Chris Hawkins
- Born: Christopher William Hawkins 1945
- Died: 1 October 2020 (aged 74–75)

Rugby union career

Coaching career
- Years: Team
- 1980s: New South Wales Schoolboys
- 1987–1990: Australian Schoolboys
- 1991–1995: Gordon
- 1996: New South Wales Waratahs
- 1990s: Gordon

= Chris Hawkins (rugby union) =

Christopher William Hawkins (1945 – 1 October 2020) was an Australian former rugby union player and coach. Hawkins was the first coach of the New South Wales Waratahs during the professional era of rugby union, and coached their first season in the Super Rugby in 1996. Hawkins also coached Gordon in the Shute Shield, the Australian Schoolboys, and the Sydney Church of England Grammar School, known commonly as Shore.

==Career==
Hawkins was appointed Gordon coach in late 1990 ahead of the 1991 Shute Shield season, taking over from Alec Evans. Before his appointment, Hawkins, whom had never coached at grade level before, was praised for his prior experience with the Australian Schoolboys team, which was labelled "outstanding" by The Sydney Morning Herald. While at Gordon, Hawkins won two premierships (1993, 1995), the first in seventeen years.

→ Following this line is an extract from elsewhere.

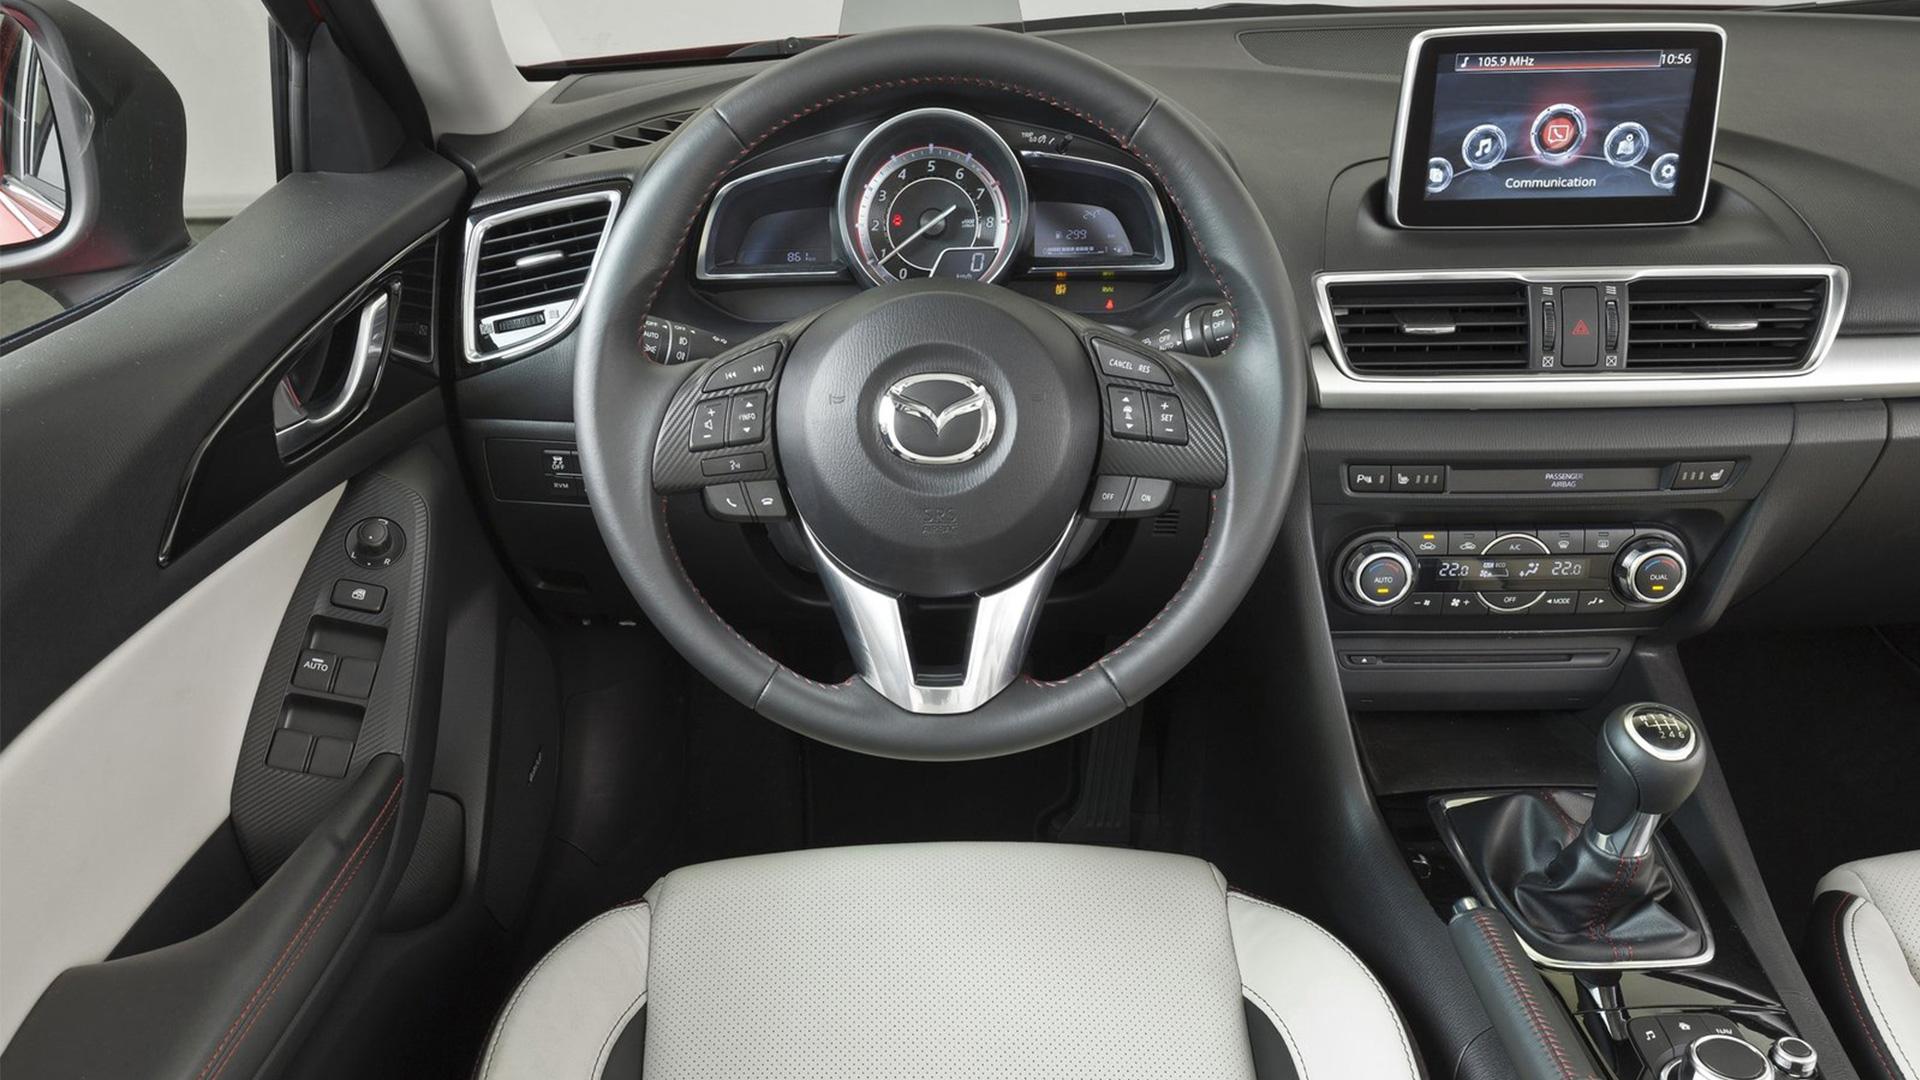 Mazda2 2016 tự hào với 4 phong cách nội thất hoàn toàn khác biệt bao gồm chất liệu vải xám nhạt cho cấp độ cơ bản và chất liệu da cao cấp với 3 màu kem, đỏ và màu đen cho ghế ngồi. Đây cũng là điểm mới mà ở những thế hệ trước chưa từng được xuất hiện.

In October 1995, Hawkins was announced as the New South Wales Waratahs head coach on a two-year deal. This meant that Hawkins would be the head coach of the Waratahs in their inaugural Super Rugby season. Hawkins took over from Greg Smith who was appointed Australia national team (Wallabies) coach. The month prior, Hawkins had declared his intention to coach the Wallabies, after announcing his interest. He was one of four candidates, alongside incumbent coach Bob Dwyer, Queensland coach John Connolly, and the aforementioned Smith.

The Waratahs finished 7th of 12 in the inaugural Super Rugby season, which included five wins, six losses. At the end of the season Hawkins had agreed to stand down as coach of the team following a meeting with the New South Wales Rugby Union (NSWRU). Overall, Hawkins finished with a below 50% win ratio out of 22 games coached.

On 1 October 2020, Hawkins died after a long battle with cancer.